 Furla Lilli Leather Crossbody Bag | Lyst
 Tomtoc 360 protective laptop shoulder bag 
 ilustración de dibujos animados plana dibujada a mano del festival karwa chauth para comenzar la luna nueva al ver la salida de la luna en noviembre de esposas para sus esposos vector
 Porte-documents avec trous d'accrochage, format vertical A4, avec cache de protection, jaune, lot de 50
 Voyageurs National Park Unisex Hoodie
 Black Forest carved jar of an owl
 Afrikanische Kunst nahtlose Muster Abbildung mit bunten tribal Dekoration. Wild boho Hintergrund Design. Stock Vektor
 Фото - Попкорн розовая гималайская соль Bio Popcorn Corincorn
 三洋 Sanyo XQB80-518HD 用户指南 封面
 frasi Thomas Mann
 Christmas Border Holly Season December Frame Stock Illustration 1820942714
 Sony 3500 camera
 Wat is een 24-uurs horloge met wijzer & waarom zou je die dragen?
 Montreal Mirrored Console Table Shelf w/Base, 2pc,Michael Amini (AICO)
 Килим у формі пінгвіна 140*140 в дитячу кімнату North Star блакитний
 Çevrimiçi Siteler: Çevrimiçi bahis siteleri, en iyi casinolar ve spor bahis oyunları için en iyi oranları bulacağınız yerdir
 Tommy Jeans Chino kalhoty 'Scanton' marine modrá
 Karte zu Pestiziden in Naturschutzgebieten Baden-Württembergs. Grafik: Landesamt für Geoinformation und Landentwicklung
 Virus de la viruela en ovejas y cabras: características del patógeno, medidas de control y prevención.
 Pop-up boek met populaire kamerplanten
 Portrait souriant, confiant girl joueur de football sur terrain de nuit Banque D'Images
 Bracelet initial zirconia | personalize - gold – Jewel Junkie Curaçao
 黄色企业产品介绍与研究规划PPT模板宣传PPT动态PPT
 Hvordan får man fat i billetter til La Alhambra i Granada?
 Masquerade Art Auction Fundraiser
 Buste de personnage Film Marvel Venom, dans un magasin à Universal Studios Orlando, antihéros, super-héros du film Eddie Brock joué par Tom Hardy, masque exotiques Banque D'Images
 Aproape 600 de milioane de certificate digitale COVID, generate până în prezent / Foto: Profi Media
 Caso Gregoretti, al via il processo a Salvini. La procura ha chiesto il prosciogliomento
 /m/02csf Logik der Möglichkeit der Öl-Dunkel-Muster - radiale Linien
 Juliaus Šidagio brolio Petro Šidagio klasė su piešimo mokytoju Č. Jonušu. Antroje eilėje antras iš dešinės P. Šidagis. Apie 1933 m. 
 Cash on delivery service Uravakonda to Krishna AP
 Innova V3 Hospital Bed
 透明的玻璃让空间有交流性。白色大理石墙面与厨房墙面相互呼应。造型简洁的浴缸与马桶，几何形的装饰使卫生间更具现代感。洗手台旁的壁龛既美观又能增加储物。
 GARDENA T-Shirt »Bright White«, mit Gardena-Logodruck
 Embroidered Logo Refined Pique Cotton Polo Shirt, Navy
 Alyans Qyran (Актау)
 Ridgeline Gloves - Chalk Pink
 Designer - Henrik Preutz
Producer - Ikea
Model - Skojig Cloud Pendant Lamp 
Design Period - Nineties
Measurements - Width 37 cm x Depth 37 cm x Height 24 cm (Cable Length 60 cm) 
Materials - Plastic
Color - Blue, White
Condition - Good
•••
What to work on — Every entry in the listing should be retyped exactly.

Result —
 Furla Lilli Leather Crossbody Bag | Lyst
 Tomtoc 360 protective laptop shoulder bag 
 ilustración de dibujos animados plana dibujada a mano del festival karwa chauth para comenzar la luna nueva al ver la salida de la luna en noviembre de esposas para sus esposos vector
 Porte-documents avec trous d'accrochage, format vertical A4, avec cache de protection, jaune, lot de 50
 Voyageurs National Park Unisex Hoodie
 Black Forest carved jar of an owl
 Afrikanische Kunst nahtlose Muster Abbildung mit bunten tribal Dekoration. Wild boho Hintergrund Design. Stock Vektor
 Фото - Попкорн розовая гималайская соль Bio Popcorn Corincorn
 三洋 Sanyo XQB80-518HD 用户指南 封面
 frasi Thomas Mann
 Christmas Border Holly Season December Frame Stock Illustration 1820942714
 Sony 3500 camera
 Wat is een 24-uurs horloge met wijzer & waarom zou je die dragen?
 Montreal Mirrored Console Table Shelf w/Base, 2pc,Michael Amini (AICO)
 Килим у формі пінгвіна 140*140 в дитячу кімнату North Star блакитний
 Çevrimiçi Siteler: Çevrimiçi bahis siteleri, en iyi casinolar ve spor bahis oyunları için en iyi oranları bulacağınız yerdir
 Tommy Jeans Chino kalhoty 'Scanton' marine modrá
 Karte zu Pestiziden in Naturschutzgebieten Baden-Württembergs. Grafik: Landesamt für Geoinformation und Landentwicklung
 Virus de la viruela en ovejas y cabras: características del patógeno, medidas de control y prevención.
 Pop-up boek met populaire kamerplanten
 Portrait souriant, confiant girl joueur de football sur terrain de nuit Banque D'Images
 Bracelet initial zirconia | personalize - gold – Jewel Junkie Curaçao
 黄色企业产品介绍与研究规划PPT模板宣传PPT动态PPT
 Hvordan får man fat i billetter til La Alhambra i Granada?
 Masquerade Art Auction Fundraiser
 Buste de personnage Film Marvel Venom, dans un magasin à Universal Studios Orlando, antihéros, super-héros du film Eddie Brock joué par Tom Hardy, masque exotiques Banque D'Images
 Aproape 600 de milioane de certificate digitale COVID, generate până în prezent / Foto: Profi Media
 Caso Gregoretti, al via il processo a Salvini. La procura ha chiesto il prosciogliomento
 /m/02csf Logik der Möglichkeit der Öl-Dunkel-Muster - radiale Linien
 Juliaus Šidagio brolio Petro Šidagio klasė su piešimo mokytoju Č. Jonušu. Antroje eilėje antras iš dešinės P. Šidagis. Apie 1933 m. 
 Cash on delivery service Uravakonda to Krishna AP
 Innova V3 Hospital Bed
 透明的玻璃让空间有交流性。白色大理石墙面与厨房墙面相互呼应。造型简洁的浴缸与马桶，几何形的装饰使卫生间更具现代感。洗手台旁的壁龛既美观又能增加储物。
 GARDENA T-Shirt »Bright White«, mit Gardena-Logodruck
 Embroidered Logo Refined Pique Cotton Polo Shirt, Navy
 Alyans Qyran (Актау)
 Ridgeline Gloves - Chalk Pink
 Designer - Henrik Preutz
Producer - Ikea
Model - Skojig Cloud Pendant Lamp 
Design Period - Nineties
Measurements - Width 37 cm x Depth 37 cm x Height 24 cm (Cable Length 60 cm) 
Materials - Plastic
Color - Blue, White
Condition - Good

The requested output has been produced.